None, lol. I guess this is where my ego encounters reality. In actuality, the Pad Puzzle is quite hard to make, at least for my level of skills. I've built two so far but it took me a while... this really relates to your previous question about Creative Commons and another significant change in my practice: to make objects/infrastructure that would have a life outside of being an art object, I needed to create them through different structures. It wasn't enough to just do something and expect people to take it further. For example, my work at Gasworks is not an art commission, it is a job that Ross Jardine and I do and that will result in a tangible evaluation framework. It is also evident at this point of the project that the final framework won't be 'my work'. There is no way that I can claim authorship or ownership. Its final form is the result of a lot of work and thinking by a lot of people. I think the work of making art is just work.
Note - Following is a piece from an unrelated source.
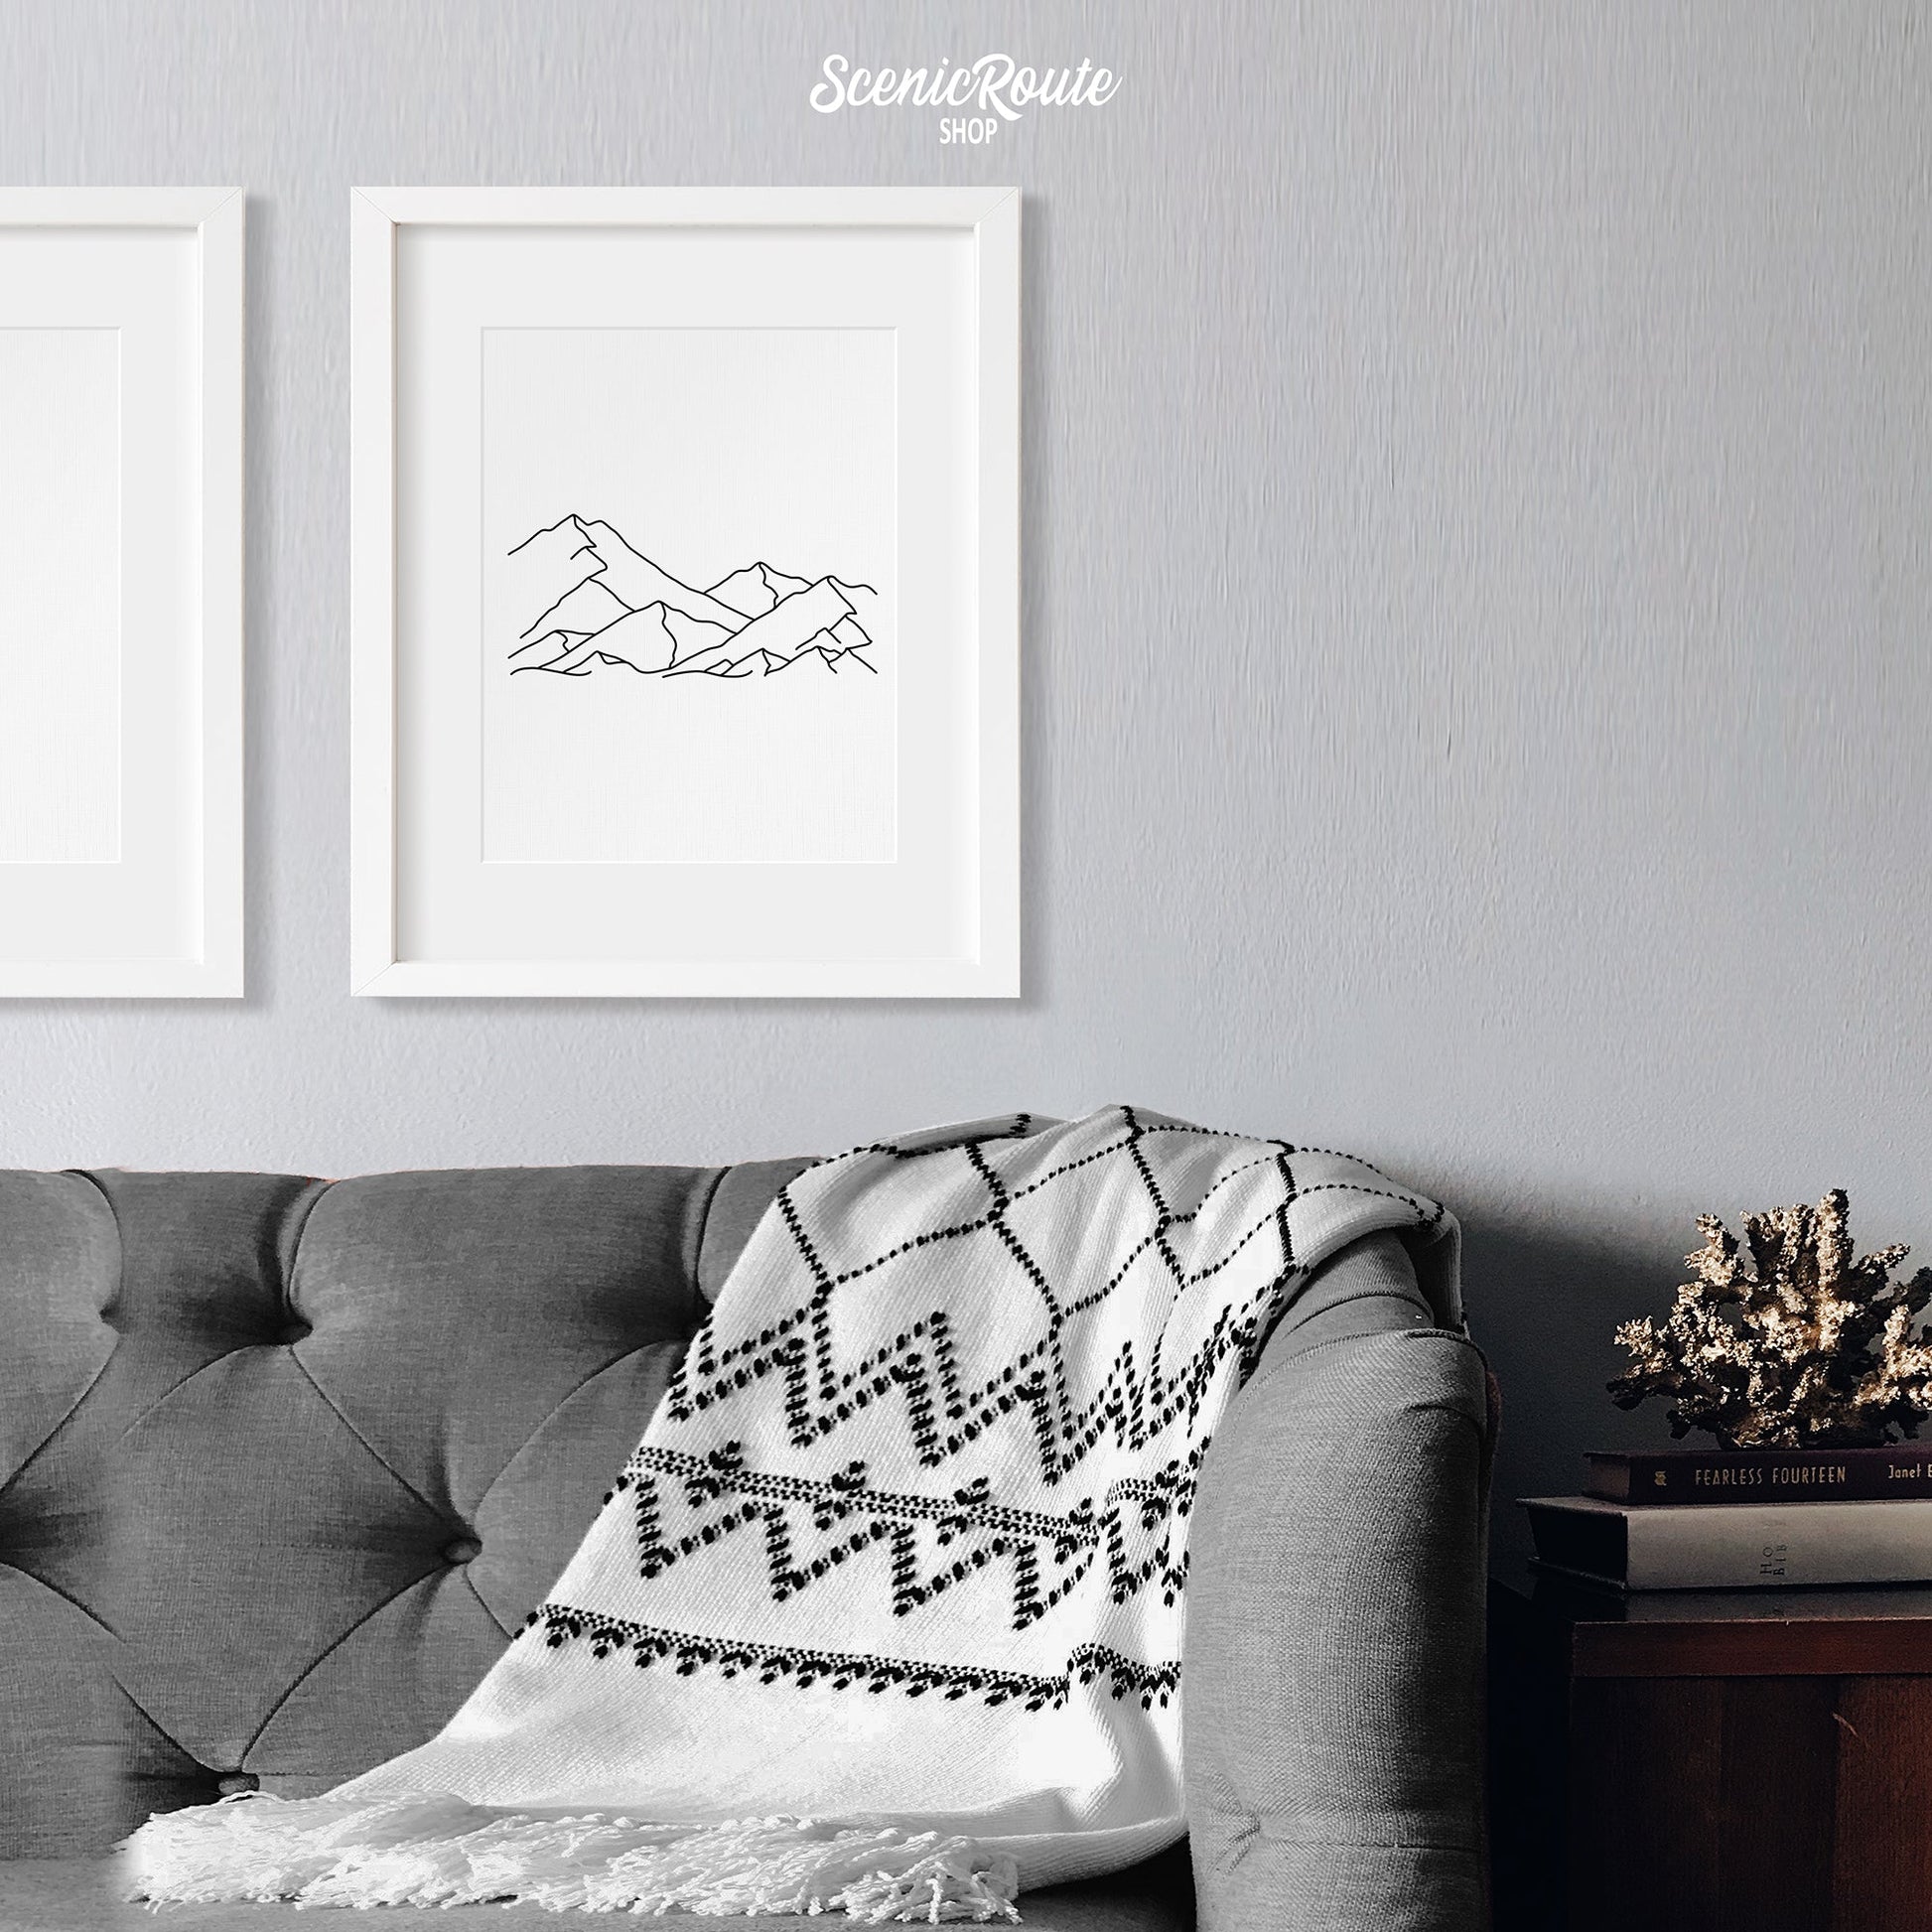 A framed line art drawing of A Mountain Range on a white wall above a couch with a blanket

Recent world events with COVID-19 have highlighted long-existing disparities and inequalities in housing and domestic space; the concept of the GDR (Grand Domestic Revolution) has not lost its relevance. If you were to make a new manual for people to respond to over the next few months, what do you think that could be?
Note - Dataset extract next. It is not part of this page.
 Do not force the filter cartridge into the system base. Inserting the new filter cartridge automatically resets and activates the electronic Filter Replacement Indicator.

That's such a great and challenging question. I think that I've learned so much since then, especially in terms of expanding my vocabulary of references. Now, when I think about what revolutionary thinking that embraces motherhood and parenthood looks like, I think about "Feminismo Comunitario" in Bolivia, or the "Welfare Rights Movement" in the US, or "Revolutionary Mothering". I'm also aware that although art institutions see themselves as the places were ideas of radicality are presented to the world, they are mostly quite conservative spaces. They are quite comfortable reproducing disparities and inequalities, especially in terms of how some people hold the knowledge/art, and other people 'need' or 'experience' it.
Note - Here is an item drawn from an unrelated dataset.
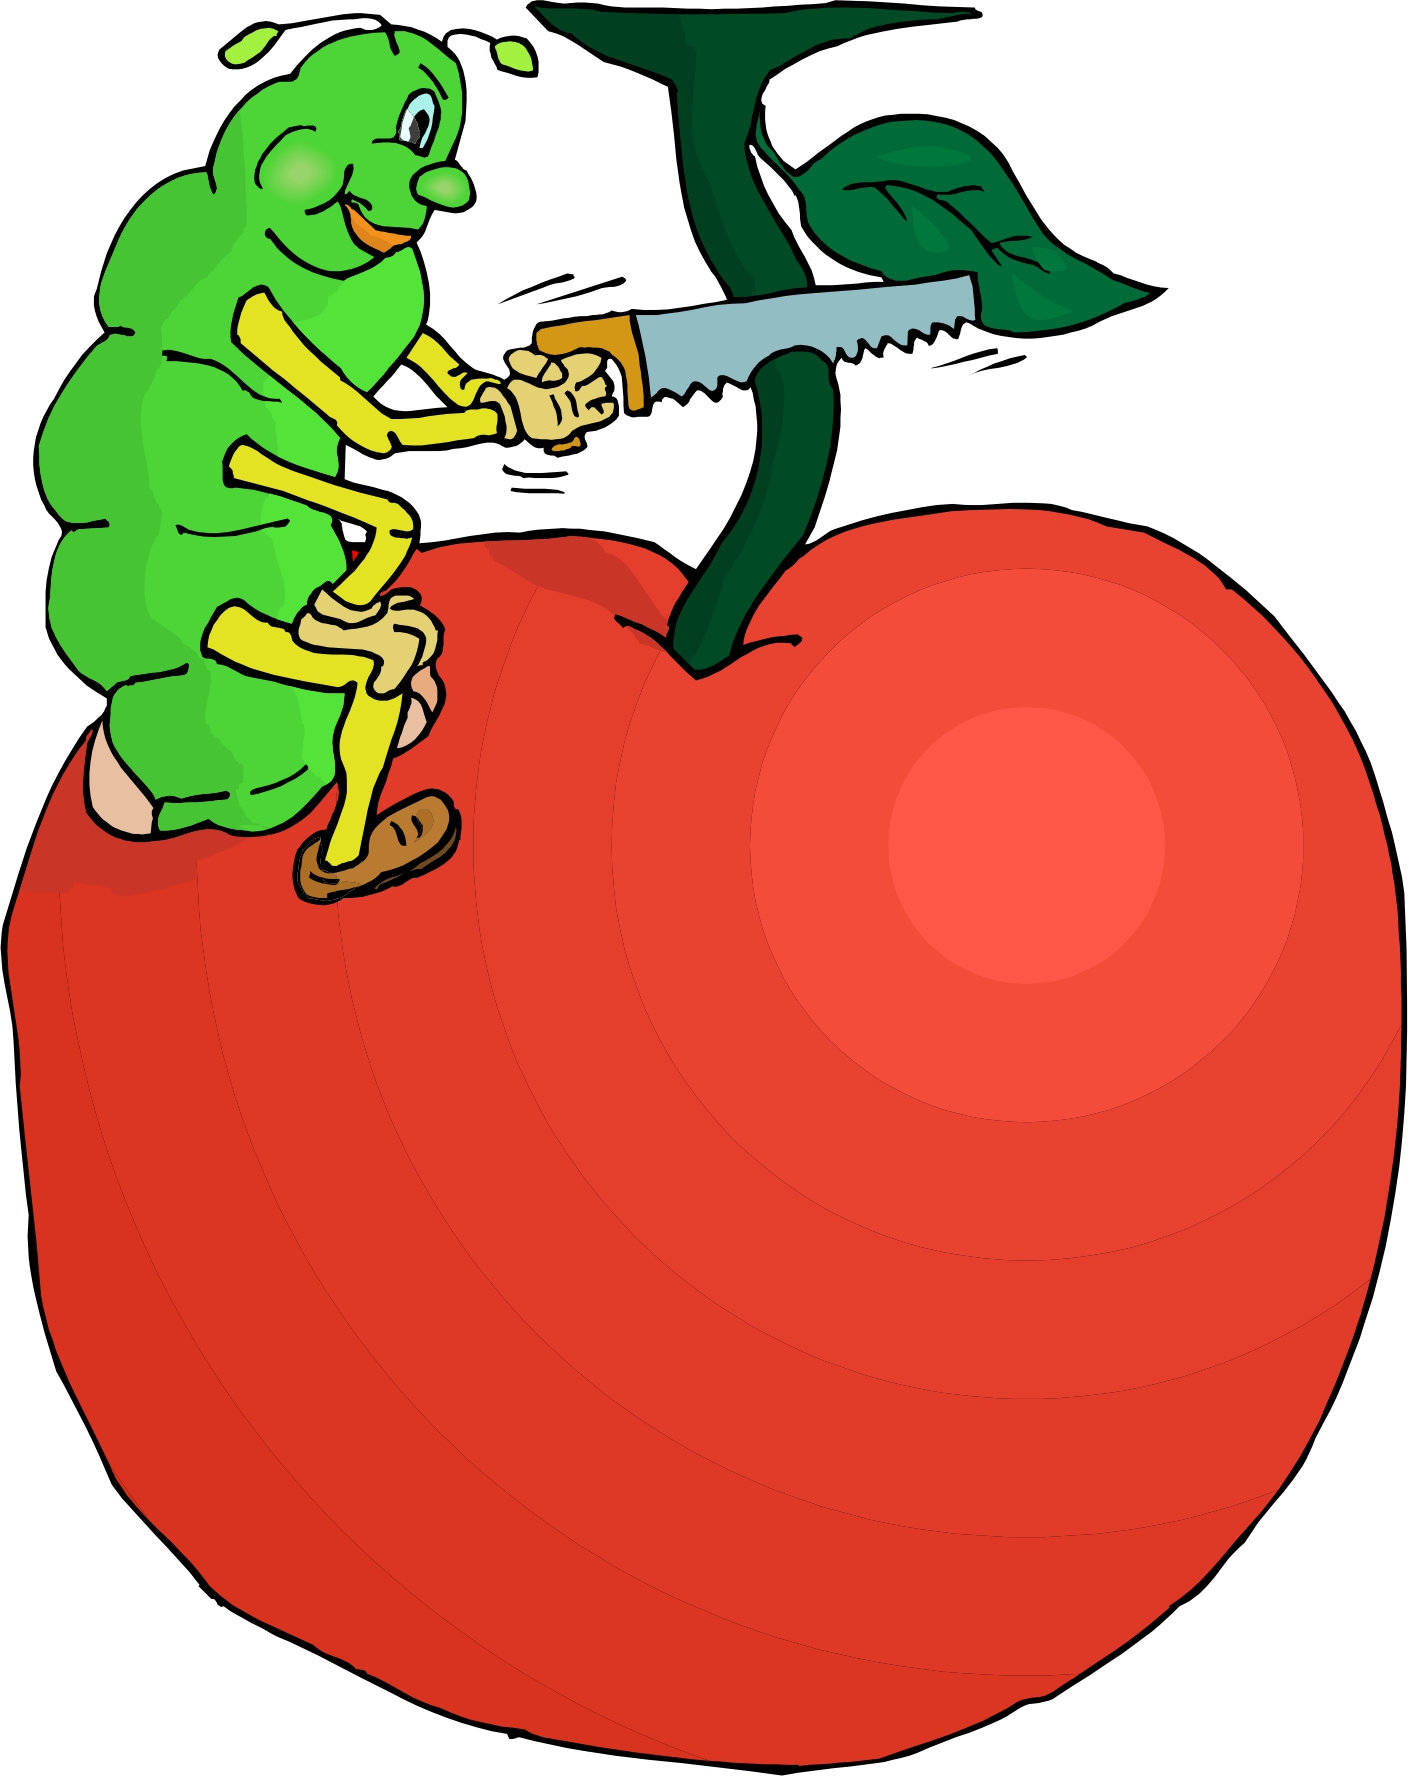 Apple Cartoon Pictures | Free Download Clip Art | Free Clip Art ...

On the other hand, there are so many spaces that live those radical domestic practices in their everyday structures, from queer venues and black art spaces to local schools and children centres. For me, those are the spaces that are continually experimenting with different ways of being in the world that blend the domestic and the public, that defy the stale prevailing notions of how we should care for others and allow them to care for us. They are all involved in radical work from the personal level to the policy dimension. I think those are the models I would now refer to.
(1) My favourite analysis of how feminism is used to perform that sort of appropriation are by Lauren Berlant, Angela McRobbie and the Fugitive Feminism programme at the ICA by Akwugo Emejulu.Berlant, L., 1988. The Female Complaint. Social Text 237–259. https://doi.org/10.2307/466188. McRobbie, A., 2008. The Aftermath of Feminism: Gender, Culture and Social Change. SAGE.
(2) This understanding of infrastructure comes from the writings of Susan Leigh Star, which were themselves influenced by feminist thinking around invisible labour. A good place to start is: STAR, S.L., 1999. The Ethnography of Infrastructure. American Behavioral Scientist 43, 377–391. https://doi.org/10.1177/00027649921955326.
(3) My favourite take on children being recognised as full humans, and political beings, is in the Latin American Working Children activist movements. A great place to start is: Taft, J.K., 2019. The Kids Are in Charge: Activism and Power in Peru’s Movement of Working Children. NYU Press.
Andrea Francke is a Peruvian artist based in London. Her work focuses on the political implications of categories constructed through (and for) knowledge-making processes. She is currently developing the evaluation framework for Gaswork’s Participatory Residency as FOTL, her collaboration with Ross Jardine. Previous projects include Invisible Spaces of Parenthood, Wish You’d Been Here, and The Piracy Project.